I suddenly felt a great crash of grief for my mom. When I was a teenager and I’d pictured my future, my mom had always been there to help me with my baby. And now my parents were dead. Jameson was dead. I was on my own. Another reason why I had no business keeping it.

“So I have a question,” Molly said, breaking me out of my funk. “You know it’s going to be morning by the time we get to Boulder, right?”

“Yes.” I’d looked up the drive. LA to Boulder was about fourteen hours, though Molly’s driving would take a sizable chunk out of that.

“And sunset won’t be until seven or eight p.m.,” she continued. “Which means we won’t be able to see this Maven until nighttime. So what are we going to do all day?”

“I have no idea,” I admitted. “Hipster stuff?”

She nodded thoughtfully, as though I’d suggested we attend a reading of Proust followed by high tea. “I bet I could come up with a point system,” she mused. “Like, one point for an ironic fedora, two points for a man bun—”

“Your system is already flawed,” I said, leaning back and closing my eyes. “At this point I think all fedoras are ironic.”

Molly chattered on about Boulder, mainly just to entertain me. Eventually, the rhythm of the car and her comforting voice lulled me to sleep.

“Scarlett. Wake up!”

I sat up with a start, jerking myself out of a tangled dream that was instantly forgotten. Sunlight was streaming into the car through the windshield, warming my skin where it was exposed. “What? What happened? Cops?”
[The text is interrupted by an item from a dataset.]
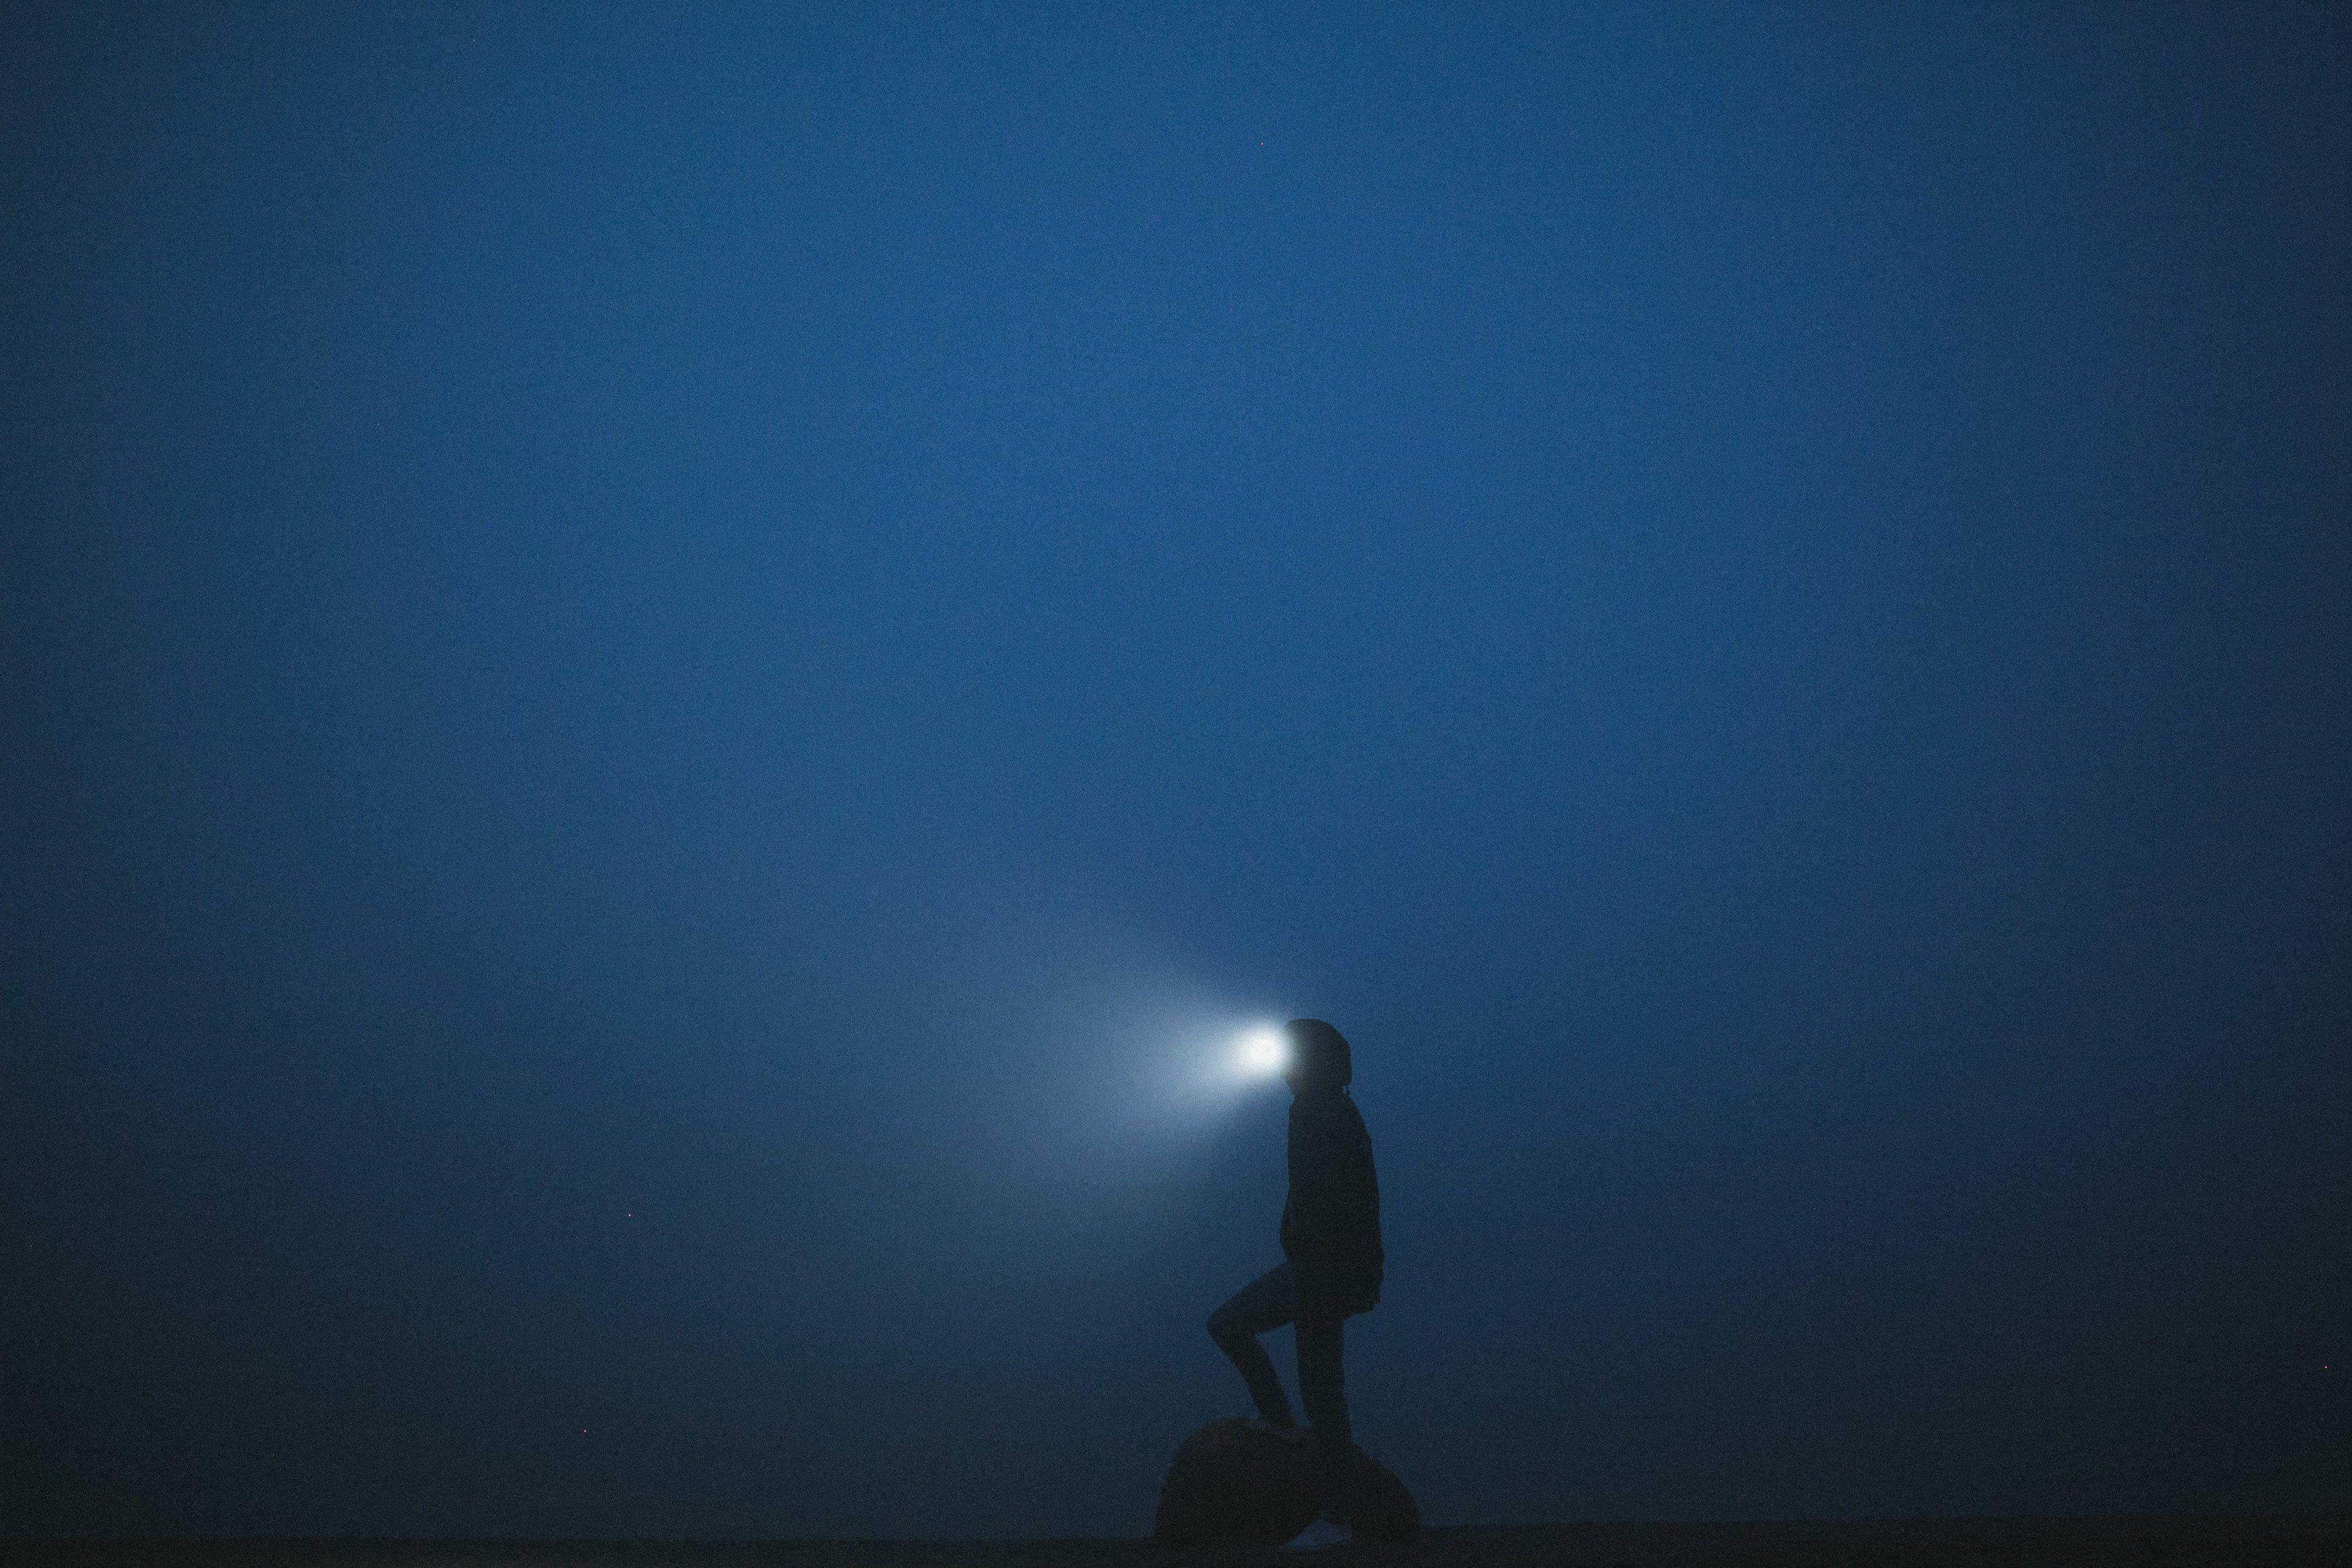 ночь свет туман , Воронин Вова

Beside me, Molly smiled. “Nope. The sun rose around six; I had to drop down to the speed limit. Besides, I wanted you to get some sleep.”

I blinked, still drowsy. “Oh. Right.”

“You told me to wake you up when we got to Idaho Springs,” Molly reminded me.

“Yes. That is a thing that I said.” Yawning, I checked my watch. It had been a little after ten when we left LA, and we’d stopped twice to get gas—and so I could stagger into gas station bathrooms to pee and/or throw up. Now it was eight thirty in the morning. Damn, Molly drove fast.

I reached down and fumbled on the floor of the car for the burner phone, which had fallen as I slept. Before we’d left, I’d had the presence of mind to program Lex’s number into it.